Chris Hedges was recently on Glenn Greenwald's System Update offering a wide-ranging analysis of current events. I copied the following excerpts concerning the U.S. Security State and the disturbing transformation of the DNC:

G. Greenwald: Anyone covering foreign policy and covering wars as you did for so long, obviously has to deal with, in all sorts of ways, the U.S. security state, the CIA, the NSA, the FBI, and sort of how it influences a lot of these policies. There's no way to understand one without the other. After 9/11, we saw this series of whistleblowers from within the U.S. Security State, and people like William Binney, Thomas Drake, and, of course, culminating with Edward Snowden, all have the same grievance, namely, that the whole foundation of this secret part of our government that would act without democratic accountability and outside of any transparency would be the one taboo would ever be turning their power inward to manipulate the American population and domestic population.

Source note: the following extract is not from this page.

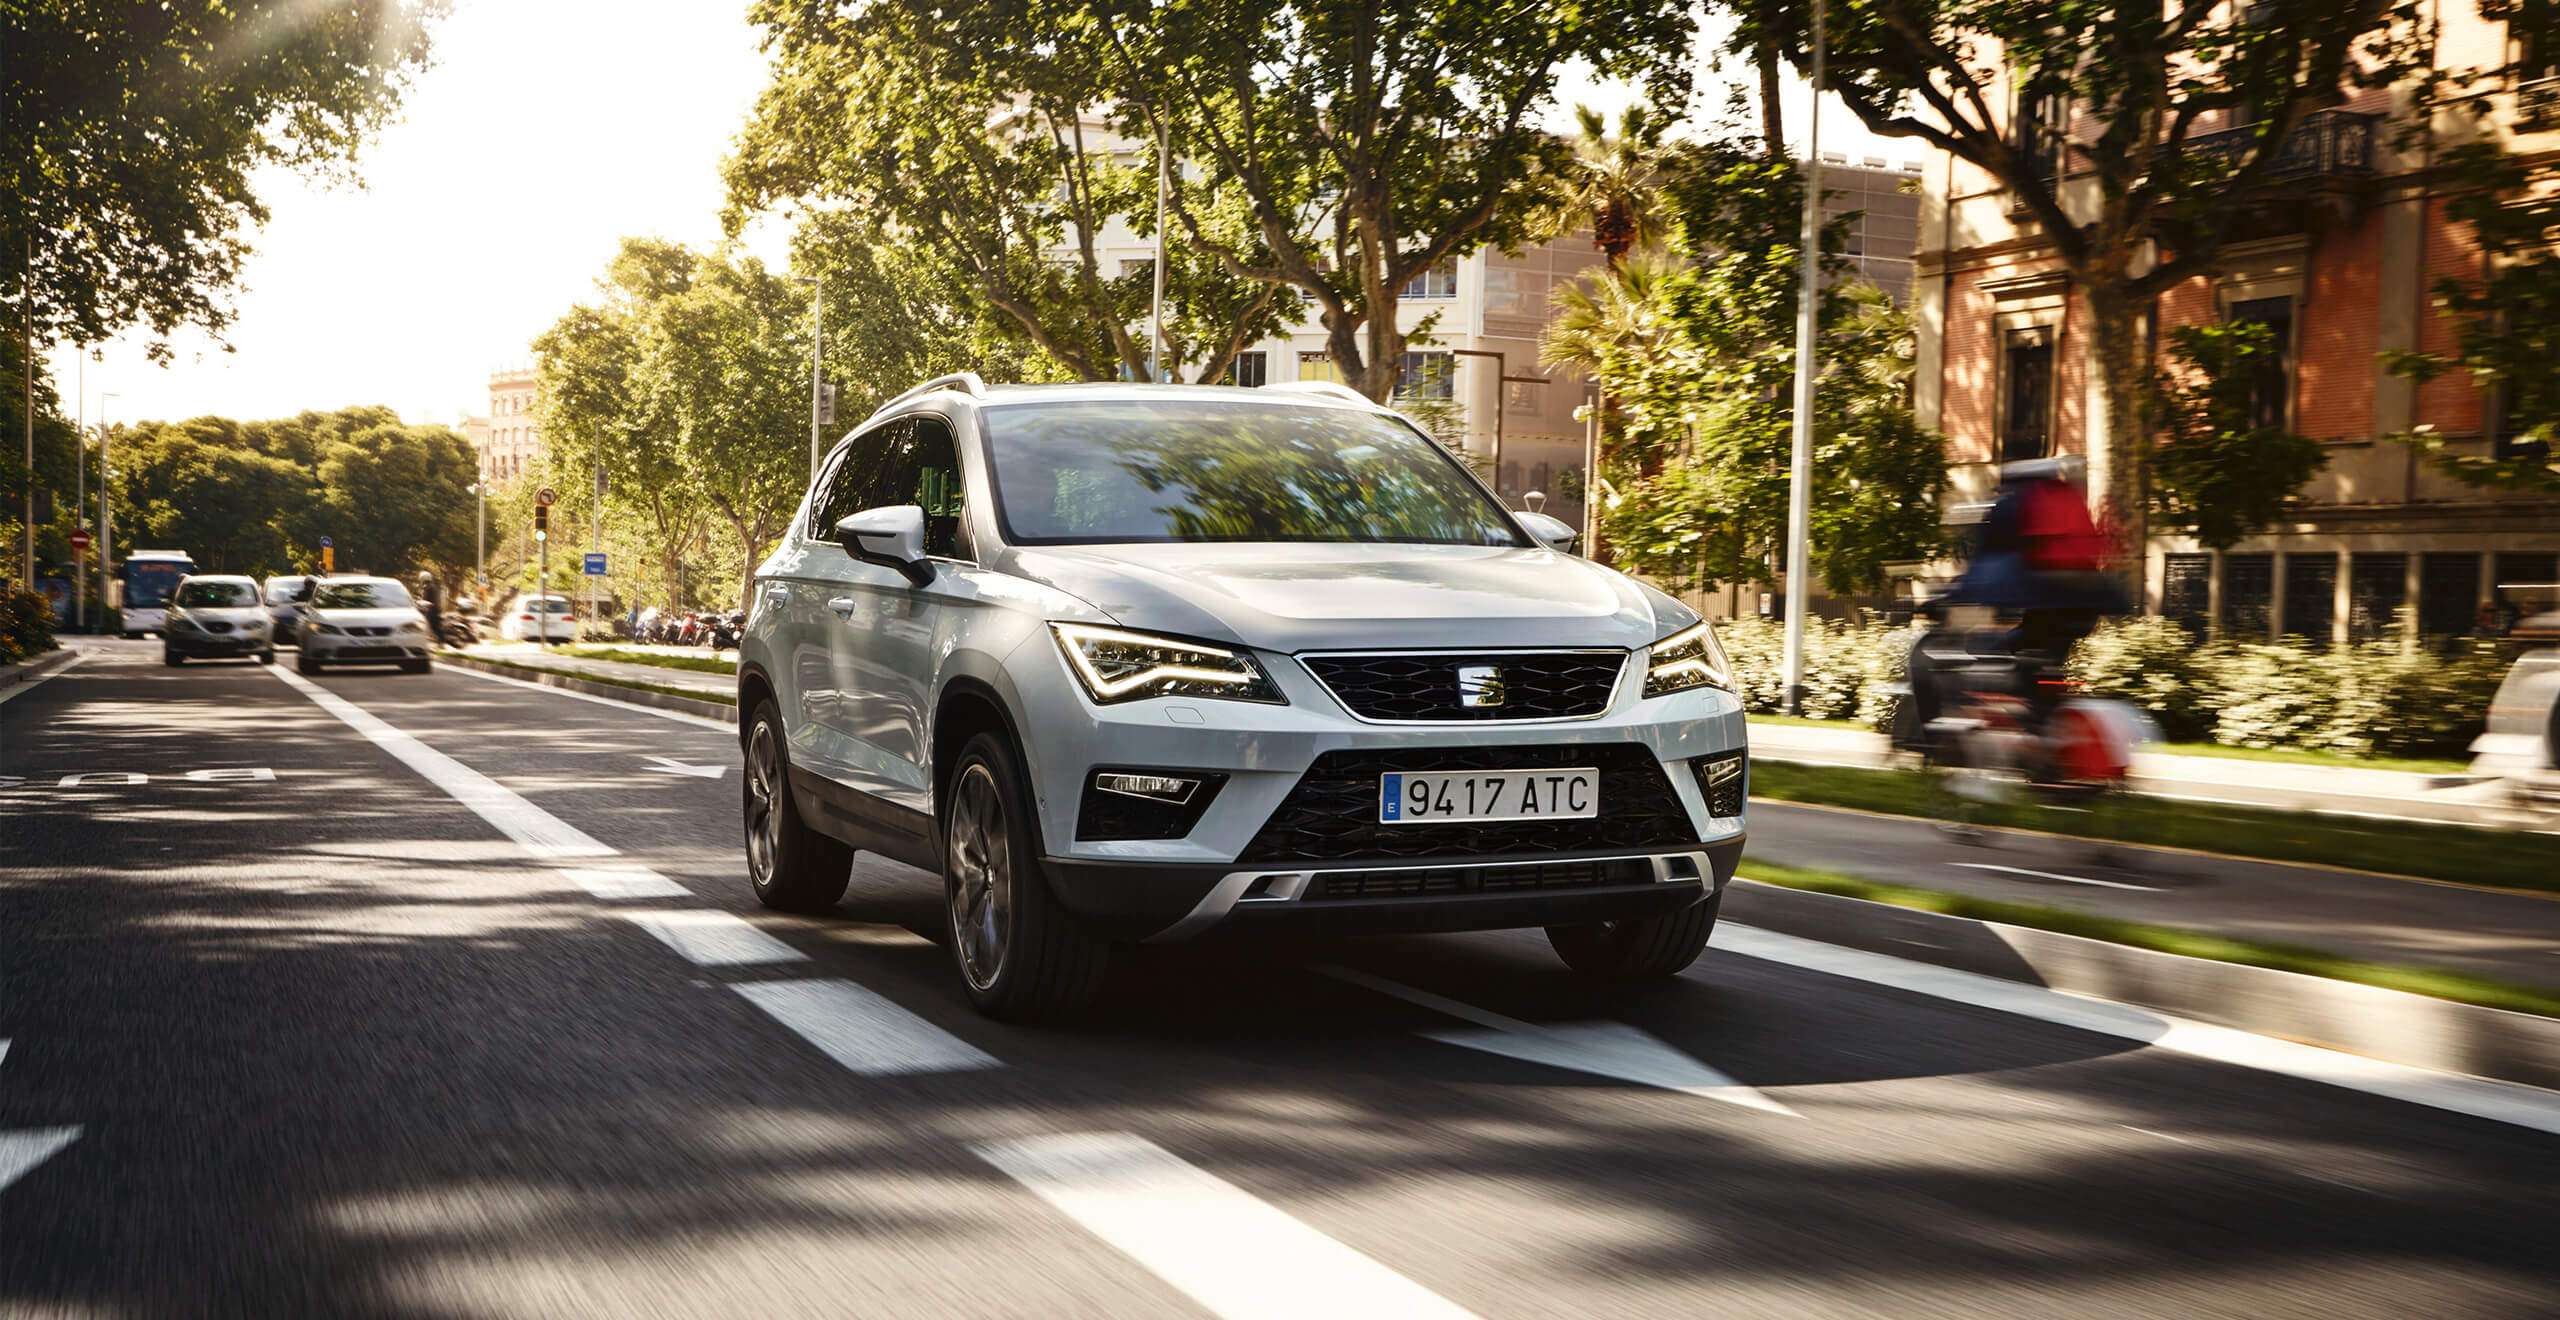 SEAT new car services and maintenance two year warranty – SEAT Ateca SUV driving on a road beside trees

And a lot of that came forward primarily based on their grievance, that that was the thing that they thought would never happen. And they were seeing that more and more and more and more, that almost as much as these agencies were focused on foreign governments, they were focused on our domestic politics as well. I know there's been a lot of that since the creation of the U.S. Security State, but do you agree that that has gotten worse and more dire, more evident – the idea that the U.S. Security State now plays a bigger role than ever before in our domestic politics?

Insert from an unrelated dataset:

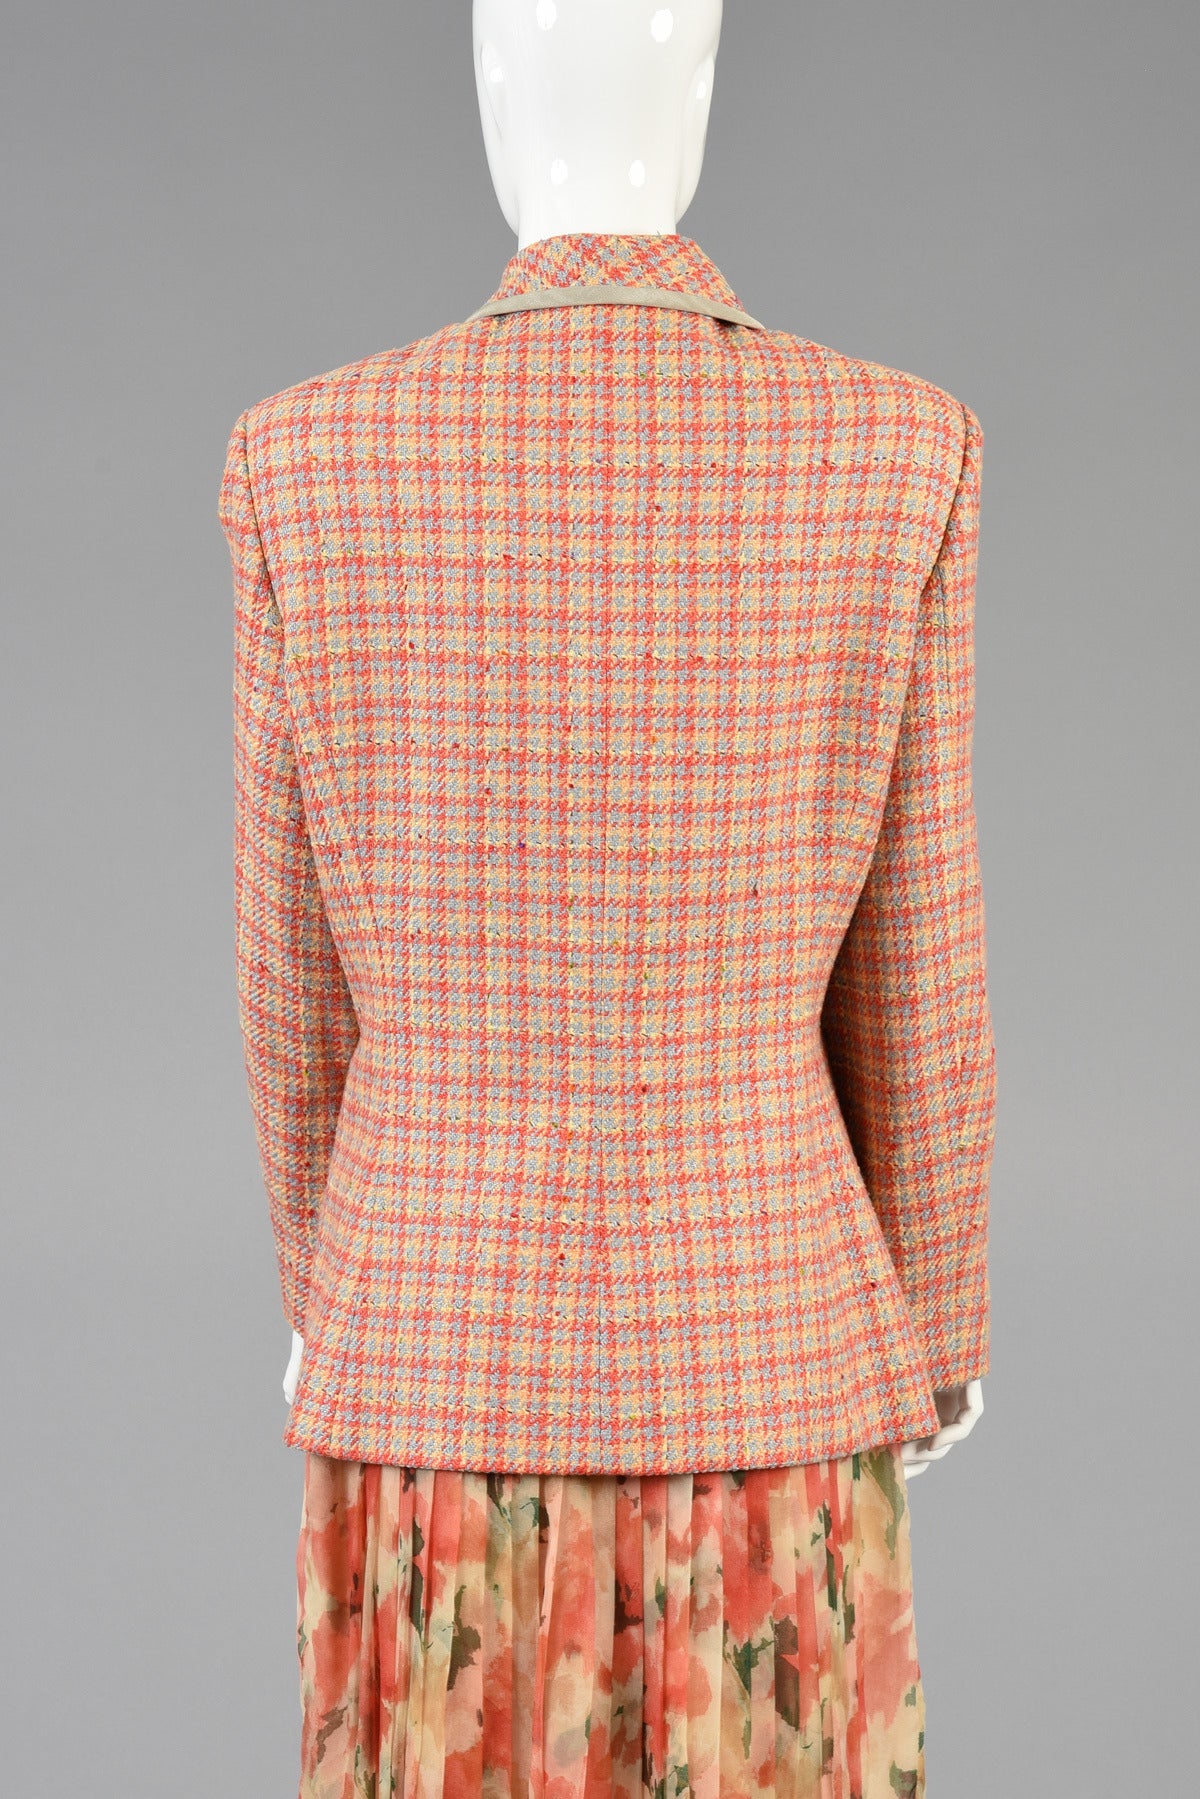 1990's Christian Dior Houndstooth Plaid Jacket For Sale 3

Chris Hedges: Yeah, it's completely unaccountable and you can't control it. That's the problem. And Arnold Toynbee when he writes about the decline of the Empire, talks about these rogue intelligence, military complexes, institutions that essentially can no longer be regulated, can no longer be constrained. All of the people who led us into the wars in Iraq and Afghanistan, Libya, you know, there should be accountability there. Not only is there no accountability, but the same people are leading us into the disasters in Ukraine and funneling weapons to sustain the genocide in Gaza. And that's very dangerous because, at the beginning of an empire, empires are very judicious, usually about the use of force. What characterizes declining dying empires is military adventurism, where they seek to gain a diminishing or a loss to Germany through a military fiasco. And I think we can start with Vietnam and go basically right through just one military debacle after another. What we've done in the Middle East is probably the greatest strategic blunder, you know, in American history.